Method 2: TCC Offset
If your kernel is new enough and your processor is supported, TCC offset can be used to have the processor itself do the thermal throttling. Depending on the timing window parameters, the response time can be much faster. For this example, the timing window was set in BIOS to the fastest response time:
First, find which cooling device:
doug@s19:~$ grep . /sys/devices/virtual/thermal/cooling_device*/type
/sys/devices/virtual/thermal/cooling_device0/type:Fan
/sys/devices/virtual/thermal/cooling_device10/type:Processor
/sys/devices/virtual/thermal/cooling_device11/type:Processor
/sys/devices/virtual/thermal/cooling_device12/type:Processor
/sys/devices/virtual/thermal/cooling_device13/type:Processor
/sys/devices/virtual/thermal/cooling_device14/type:Processor
/sys/devices/virtual/thermal/cooling_device15/type:Processor
/sys/devices/virtual/thermal/cooling_device16/type:Processor
/sys/devices/virtual/thermal/cooling_device17/type:intel_powerclamp
/sys/devices/virtual/thermal/cooling_device18/type:TCC Offset
/sys/devices/virtual/thermal/cooling_device1/type:Fan
/sys/devices/virtual/thermal/cooling_device2/type:Fan
/sys/devices/virtual/thermal/cooling_device3/type:Fan
/sys/devices/virtual/thermal/cooling_device4/type:Fan
/sys/devices/virtual/thermal/cooling_device5/type:Processor
/sys/devices/virtual/thermal/cooling_device6/type:Processor
/sys/devices/virtual/thermal/cooling_device7/type:Processor
/sys/devices/virtual/thermal/cooling_device8/type:Processor
/sys/devices/virtual/thermal/cooling_device9/type:Processor
It is device 18. Set the offset and then check it via turbostat without the --quiet option:
doug@s19:~$ echo 59 | sudo tee /sys/devices/virtual/thermal/cooling_device18/cur_state
59
doug@s19:~$ sudo /home/doug/temp-k-git/linux/tools/power/x86/turbostat/turbostat --Summary --show Bzy_MHz,PkgWatt,PkgTmp --interval 0.1
turbostat version 21.05.04 - Len Brown <[email protected]>
CPUID(0): GenuineIntel 0x16 CPUID levels
CPUID(1): family:model:stepping 0x6:a5:5 (6:165:5) microcode 0xec
...
cpu0: MSR_IA32_TEMPERATURE_TARGET: 0x3b641422 (41 C) (100 default - 59 offset)

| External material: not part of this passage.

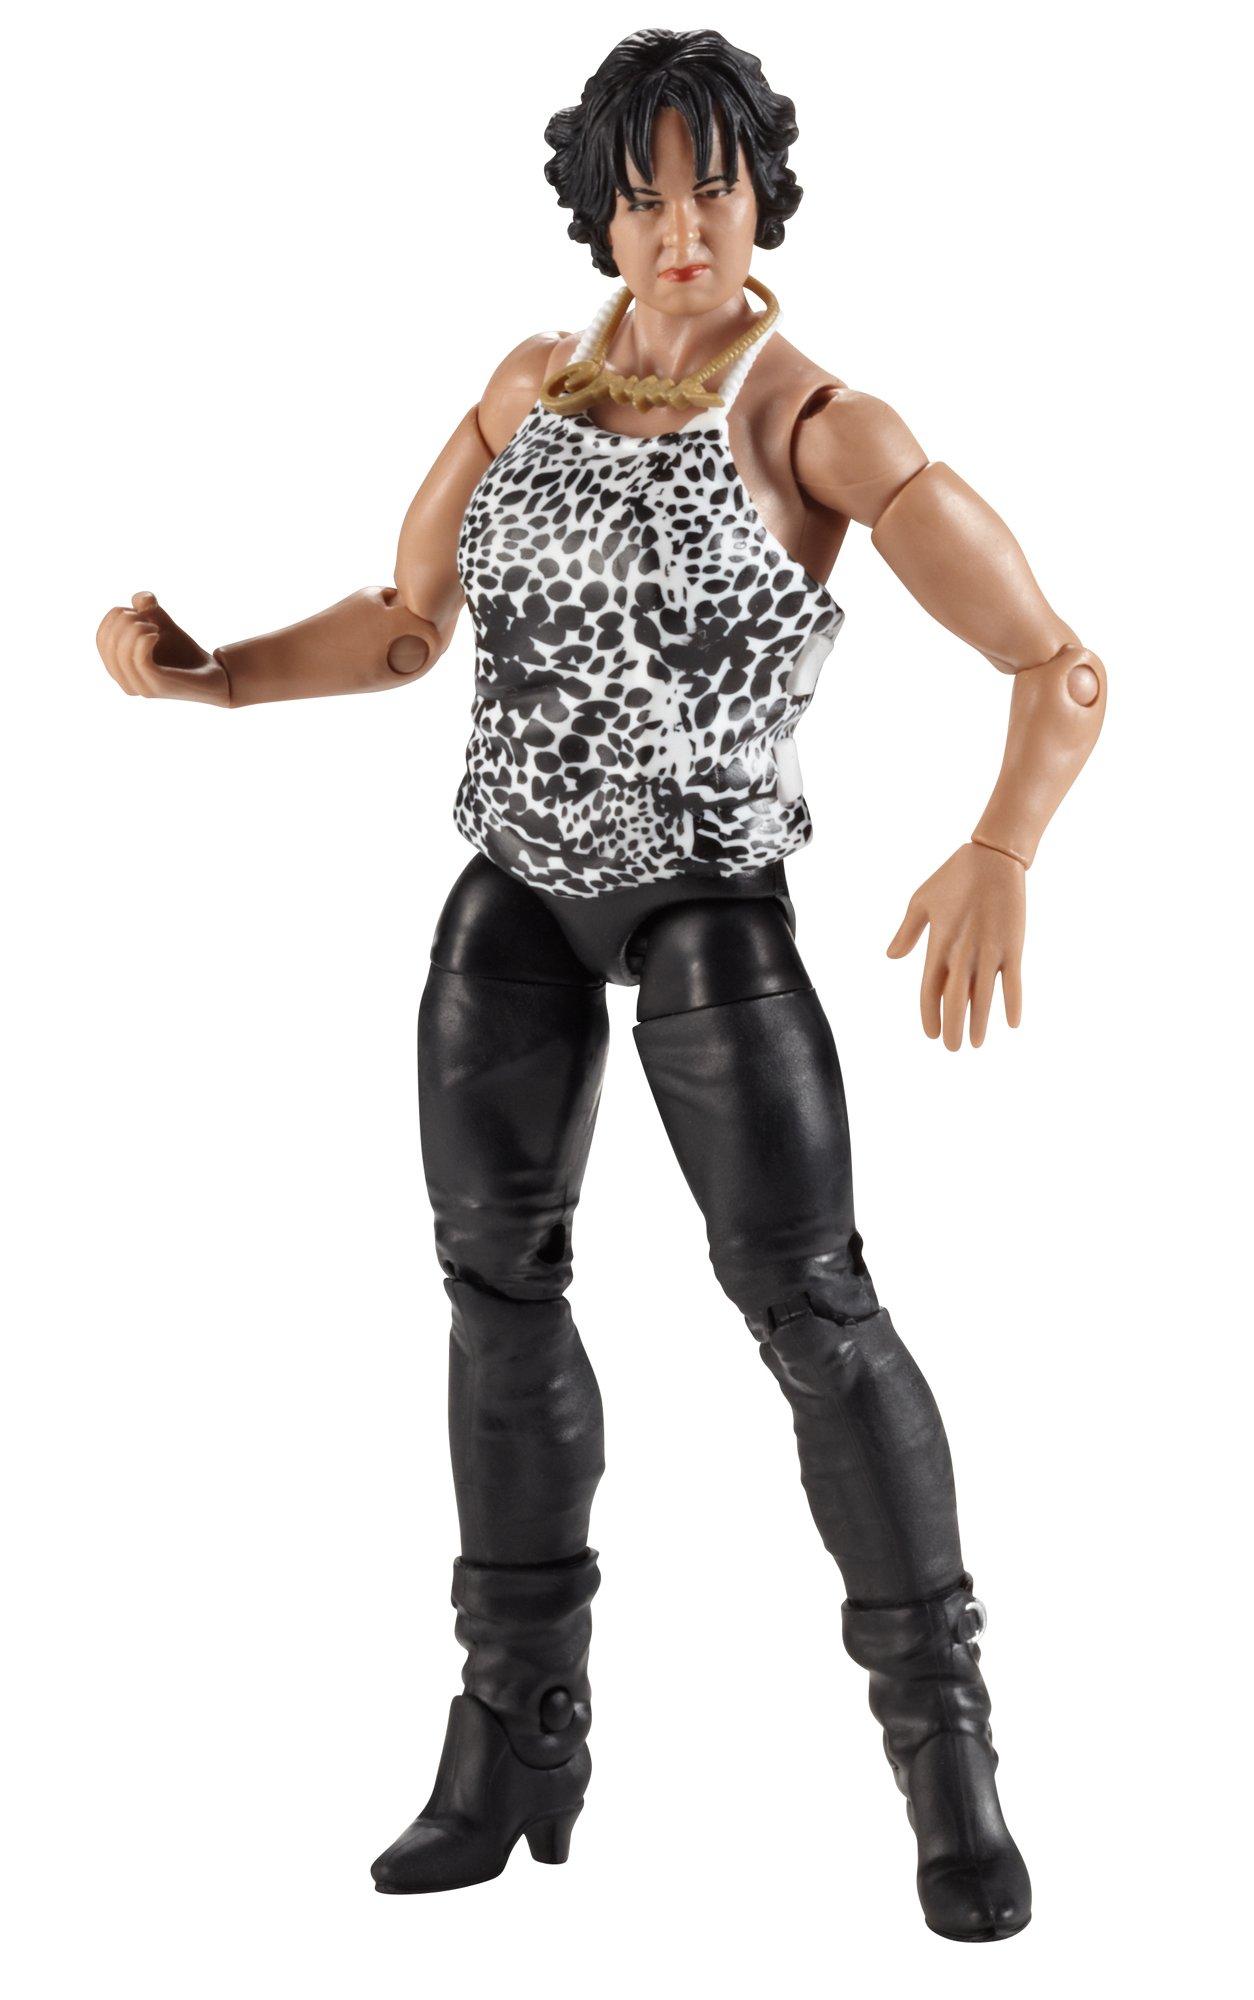 WWE Vickie Guerrero Figure Series 13 by WWE

cpu0: MSR_IA32_PACKAGE_THERM_STATUS: 0x883f0800 (37 C)
...
Bzy_MHz PkgTmp PkgWatt
800 33 1.35
800 33 1.34
800 34 1.40
4187 49 86.23
4100 52 91.72
4100 53 91.29
...
Notice the throttling is virtually immediate, 4.8 GHz would have been the un-throttled CPU frequency. Note that the throttling limit for my processor (not all processors) is the non-turbo maximum clock frequency of 4.1 GHz, and so it can not actually reach the ridiculously low limit of 41 degrees.